Zoe Wees Shares Music Video For Heart-Wrenching New Single ‘Daddy’s Eyes’
‘My father was never there for my mother and me,’ Wees shared in a statement. ‘I’ve met him once in my life and I realized that my eyes look exactly like his. I don’t wanna cry these tears with my Daddy’s Eyes. I don’t need you, Dad!’
Zoe Wees has shared another anthemic single, this time offering up an emotion-driven ode to those who have grown up with absent fathers. “Daddy’s Eyes” arrives via Capitol Records as the 20-year-old singer and songwriter’s third single of the year.
“My father was never there for my mother and me,” Wees shared in a statement. “I’ve met him once in my life and I realized that my eyes look exactly like his. I don’t wanna cry these tears with my Daddy’s Eyes. I don’t need you, Dad!”
“Daddy’s Eyes” arrives alongside a poignant music video that centers Wees’ emotionally vulnerable performance, during which each lyric is delivered with the weight of lingering childhood pain and emotional trauma.

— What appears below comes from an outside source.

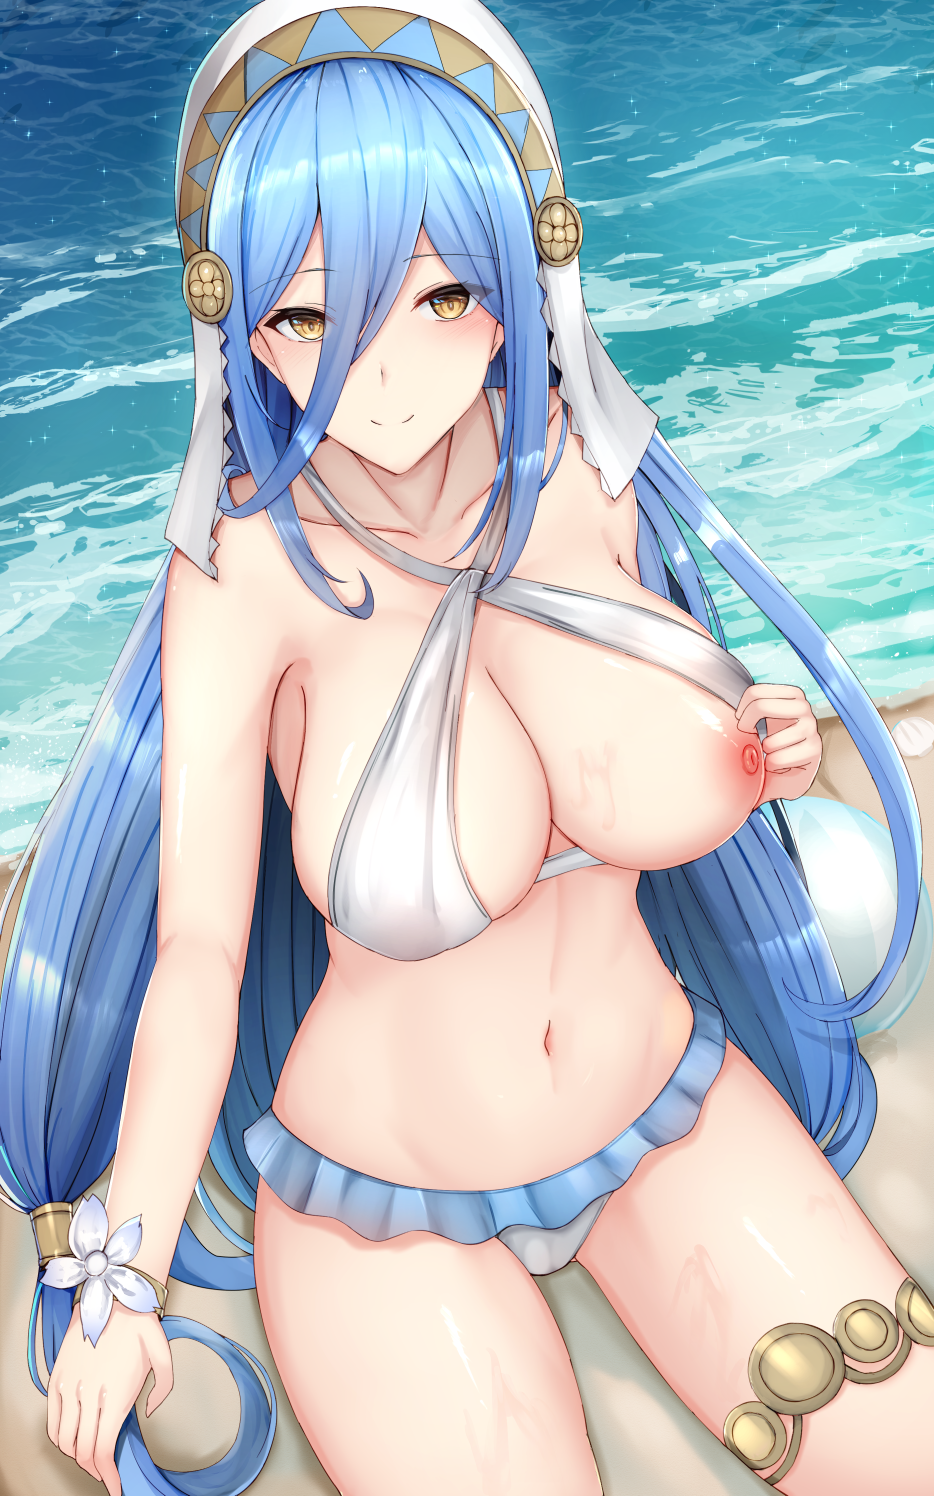 __azura_fire_emblem_and_1_more_drawn_by_chiyo_pk19981234__7feaa17195608b87b536d6900894a9f9.png

“I don’t wanna cry these tears with my daddy’s eyes / Turn up after all these years just to say goodbye, oh, no,” Wees sings on the moving chorus. All the birthdays are the worst days / Every Christmas you were missing / All the nights you never sang me to sleep.”
“Daddy’s Eyes” follows Wees’ latest single release “Third Wheel,” which occupied the wildly different lane of heartbreak, but taking the approach of writing from the perspective of someone who’s in love with their partner, even though their partner is still obsessed with their ex.
“It’s so awkwardly heartbreaking to be the third wheel in any relationship,” Wees shared in a statement at the time of release. “Although this song’s meaning comes from a really tough moment in my own life, I hope this song will make some people reminisce about their own similar experiences as times when they learned to grow.”
Both songs were written with and produced by Patrick Pyke Salmy and Ricardo Muñoz, who helmed Wees’ debut EP, Golden Wings, which included the RIAA Gold-certified, Top 20 Pop radio hit “Control.”